Our official website states that while we do not permit collusion, we understand the importance of collaboration. Hence, teams are capped at three members. Should multiple submissions come from the same organization, we simply require a justification.

12. What are the time commitments associated with the first phase of the challenge?

The challenge consists of two phases. The first phase is about crafting a proposal in response to the questions and problems we’ve presented on our website. The time this phase takes will vary based on your team’s availability.

13. Is there any financial support available to the participants?

We provide financial support in the second phase, which involves tool development. This funding is designed to allow your team to concentrate on developing your proposal, which should be scalable and evaluated by us for its potential.

14. Is there a universal scale for Epsilon to compare implementations of a DP pipeline?
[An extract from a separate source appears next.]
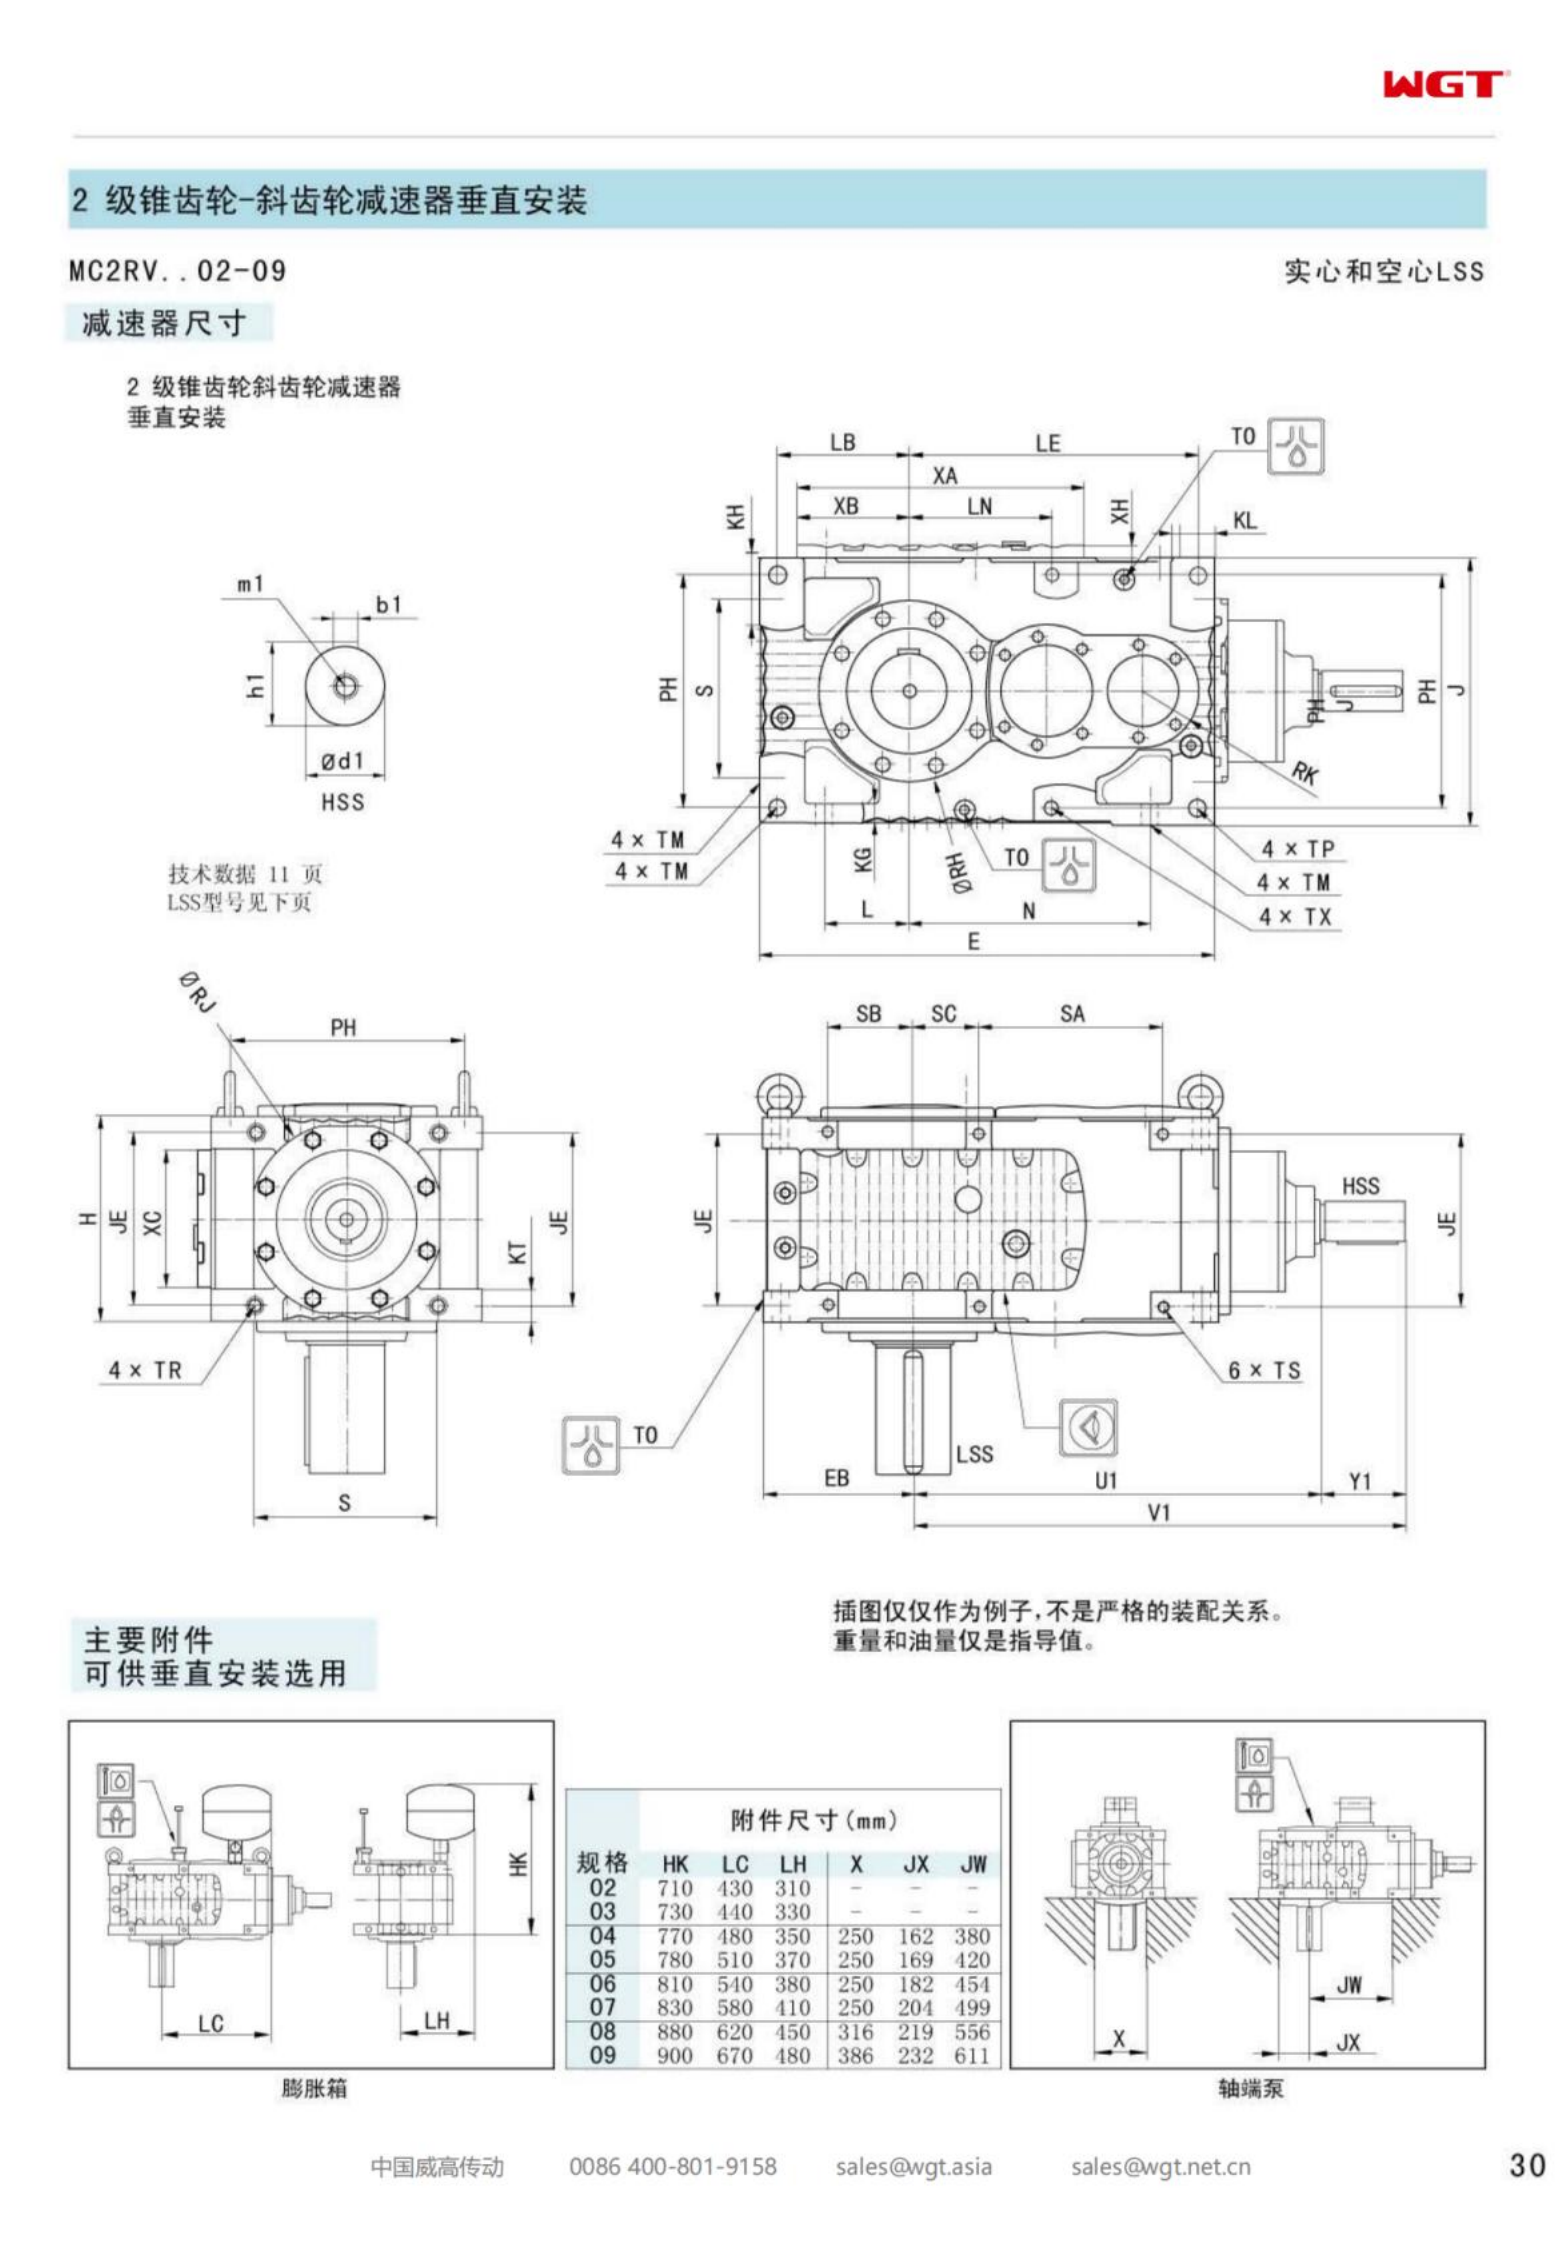 MC2RVST08 replaces _SEW_MC_Series gearbox (patent)

The scale for Epsilon isn’t universally defined; however, a smaller Epsilon, around one or two, is generally preferred for statistical releases. In machine learning models, it’s more common to see Epsilon values pushed to between eight and ten. The key consideration isn’t adhering to a strict rule but rather demonstrating that the privacy budget has been utilized judiciously. This means showing how, within the confines of a fixed privacy budget, the application remains useful within the confines of a fixed privacy budget,, particularly for purposes like epidemiological research. The overarching guideline is to keep Epsilon as low as feasible while still extracting meaningful data. It’s important to clearly articulate how the privacy budget is allocated throughout your methodology to derive insights from the actual dataset. This approach to using and justifying the Epsilon value is what’s generally expected.

15. Regarding the tools we develop as part of this challenge, are teams permitted to publish academic papers or articles on them afterward?

Teams are allowed to publish papers on the tools they develop. Our funders are advocates for supporting research. However, it is essential to follow a specific process for publication. If your project is selected, the terms of reference will outline this process. So, while we encourage research and publication, adhering to the outlined procedures is important.